そこには、自分にとっての価値があるからです。
セミFIREは我慢する生活ではない
セミFIREというと、「節約ばかりしている人」「お金にケチケチした生活を過ごす人」「好きなものを全部我慢している人」
みたいなイメージを持つ人もいるかもしれません。
でも、私にとってのセミFIREは少し違います。
我慢するためにお金を貯めているのではありません。
自分が本当に価値を感じるものに、お金と時間を使うために、不要な支出を減らしているだけです。
毎月15万円を積立投資に回す代わりに、家賃は抑えめにして車は持たない。
外食は株主優待を優先して使う。
出勤時のランチは500円以内の仕出し弁当。
こう書くと、なかなか慎ましい生活に見えるかもしれません。
でも、私はこの生活を「我慢している」とは思っていません。
むしろ、自分にとって必要なものと、そうでないものがはっきりしている生活だと感じています。
何でも買える生活よりも、自分が本当に欲しいものを選べる生活。
私はそちらの方が心地いいです。
5000万円の家を買わないことは、幸せを諦めるということではない
今の私にとって、5000万円の家を買うという選択肢はありません。
そう聞くと、何かを諦めているように見えるかもしれません。
でも、私にとっては違います。取捨選択し、私にとって価値があるものだと感じていることに対してお金を使っているのです。
毎月15万円を積み立てる安心感。
娘と旅行に行く時間。
友人とゆっくりランチをする時間。
親に美味しいご飯をごちそうする時間。
好きな本を読む時間。
ブログを書く時間。
家族で「おいしいね」と言いながら、優待券でご飯を食べる時間。
そういう日常の中に、私にとっての幸せがあります。
もちろん、いつか本当に「この家に住みたい」と心から思える物件に出会ったら、そのときは買うかもしれません。

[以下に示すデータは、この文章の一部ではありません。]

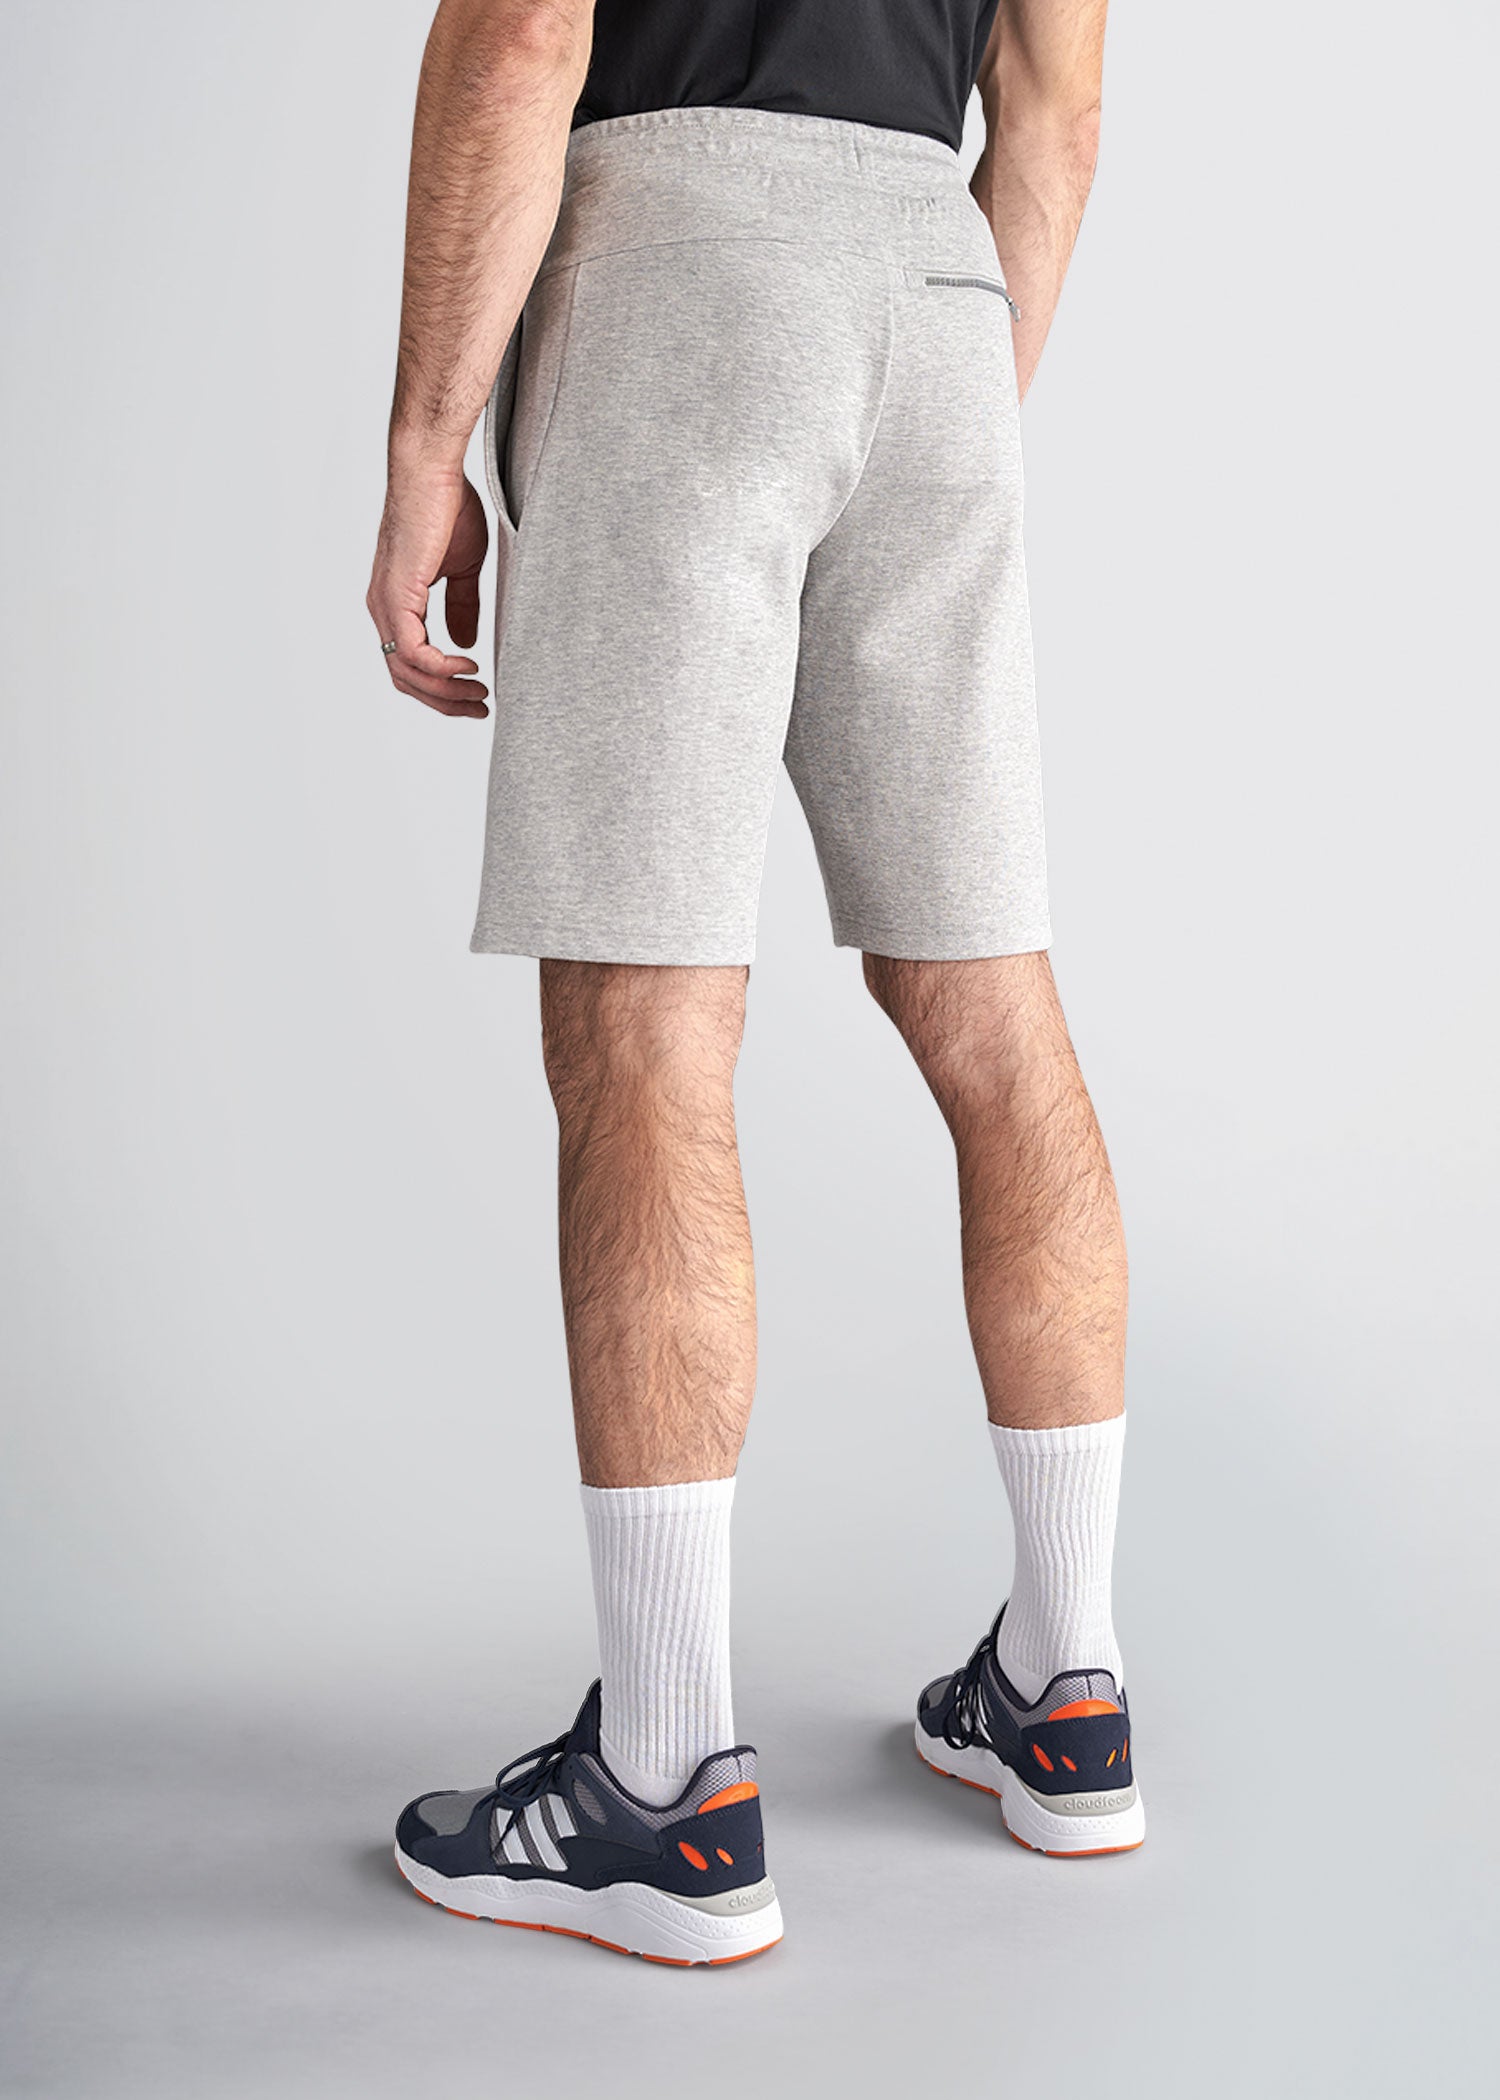 american-tall-mens-knit-athletic-short-grey-back

実際、家探しをする中で、心が激しく揺さぶられるような物件にも出会いました。
だからこそ、今はもう「賃貸一択」とは考えていません。
ただし、もし購入するのであれば、誰かの正解ではなく、私たちにとっての正解として選びたいのです。
その一線だけは、どうしても譲りたくないのです。
まとめ
世帯年収1000万円と聞くと、余裕のある暮らしを想像する人もいるかもしれません。
5000万円のマイホームだって、買おうと思えば買えなくはない金額です。
ですが、「買えること」と「心から納得して買うこと」は違うと思っています。
私は、家を買う人を否定しません。
ブランド品を買う人も、高級車に乗る人も、高級旅館に泊まる人も同じです。
その人が幸せだと感じられるのであれば、間違いなく悔いのないお金の使い方だと思います。
ただ、私にとって大切なのは「みんなが欲しがるもの」ではなく、「自分が本当に幸せになれるもの」を選ぶこと。
セミFIREを目指して変わったのは、資産の数字だけではありません。
人と比べて焦ることが減り、自分の価値観に少しずつ自信を持てるようになったということです。
これこそが、私にとって一番大きな変化でした。
人と比べる人生よりも、自分で選ぶ人生。
これからも私は、わが家にとって本当に価値のあるものに、お金も時間も使っていきたいです。